◆ Description of the task ◆
The listing is to be returned word for word, without its images.

◆ Input data ◆
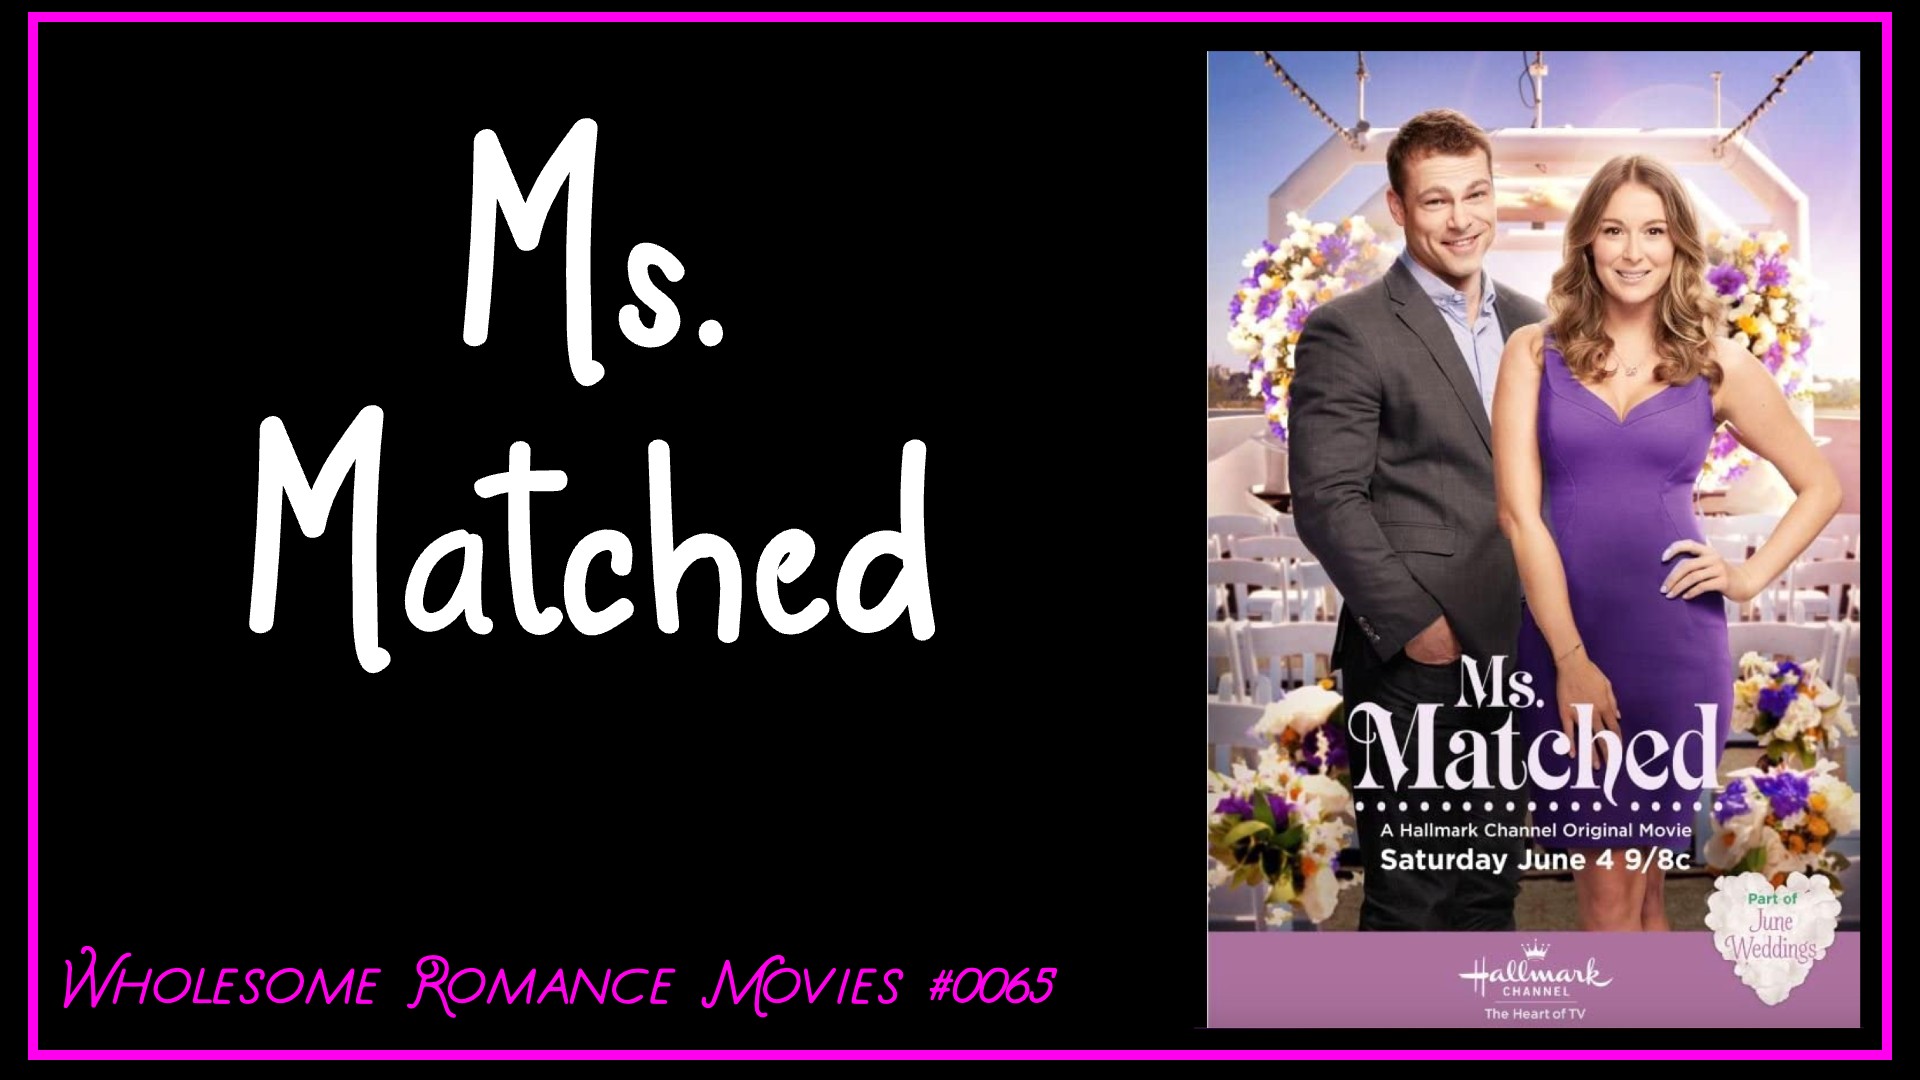 Ms. Matched (2016) WRM Review
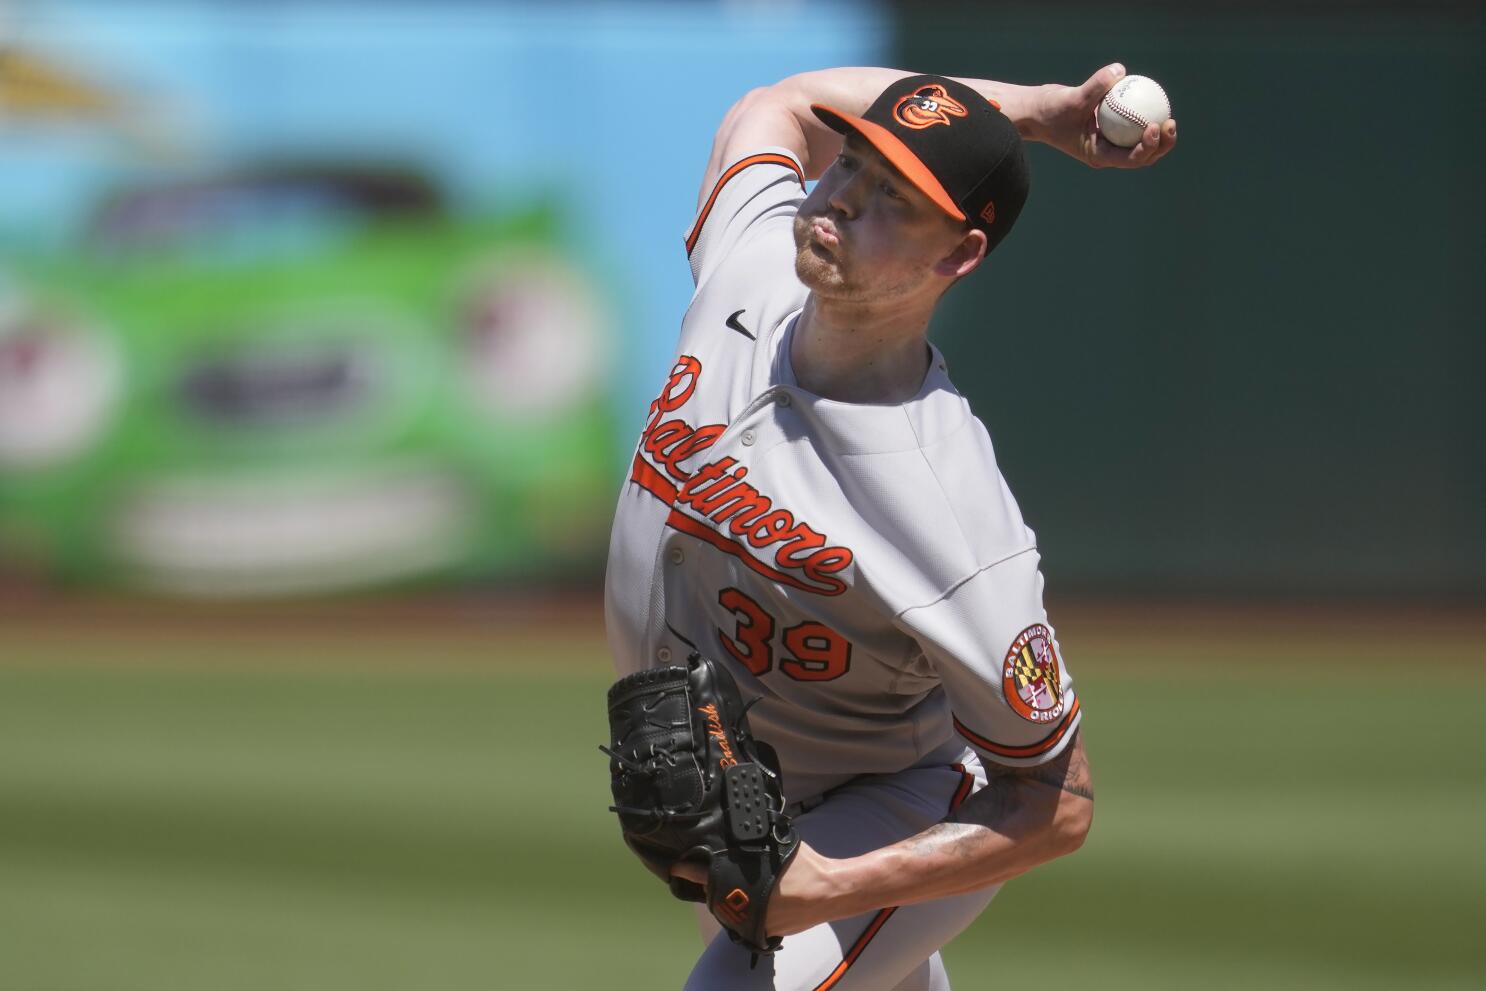 Orioles hit 3 HRs, ride Bradish gem to 12-1 win over A's - The San
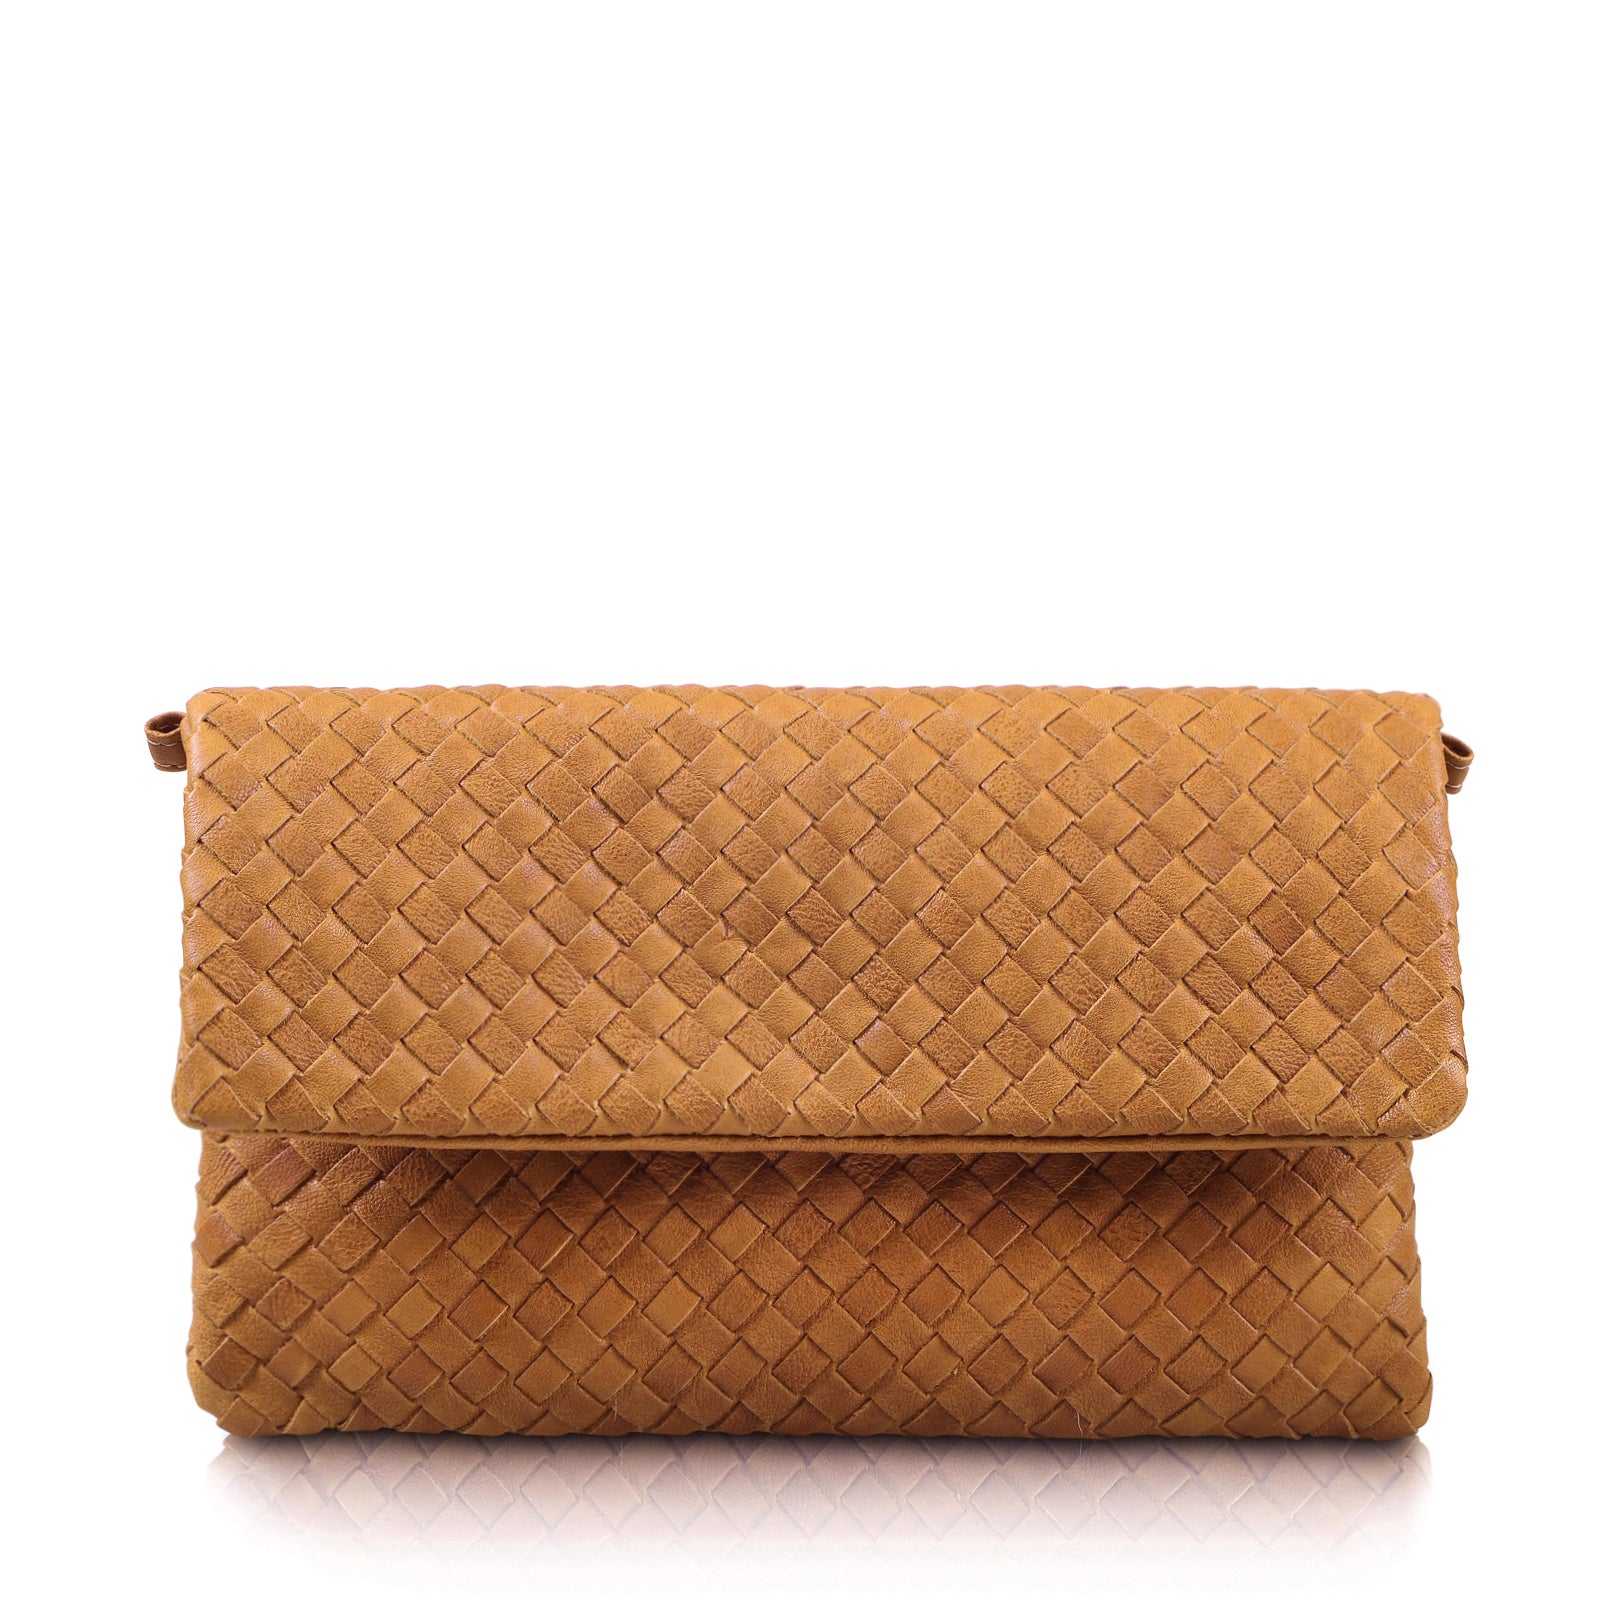 The Julia Woven Leather Clutch Bag - MILANER

◆ Task response ◆
 Ms. Matched (2016) WRM Review
 Orioles hit 3 HRs, ride Bradish gem to 12-1 win over A's - The San
 The Julia Woven Leather Clutch Bag - MILANER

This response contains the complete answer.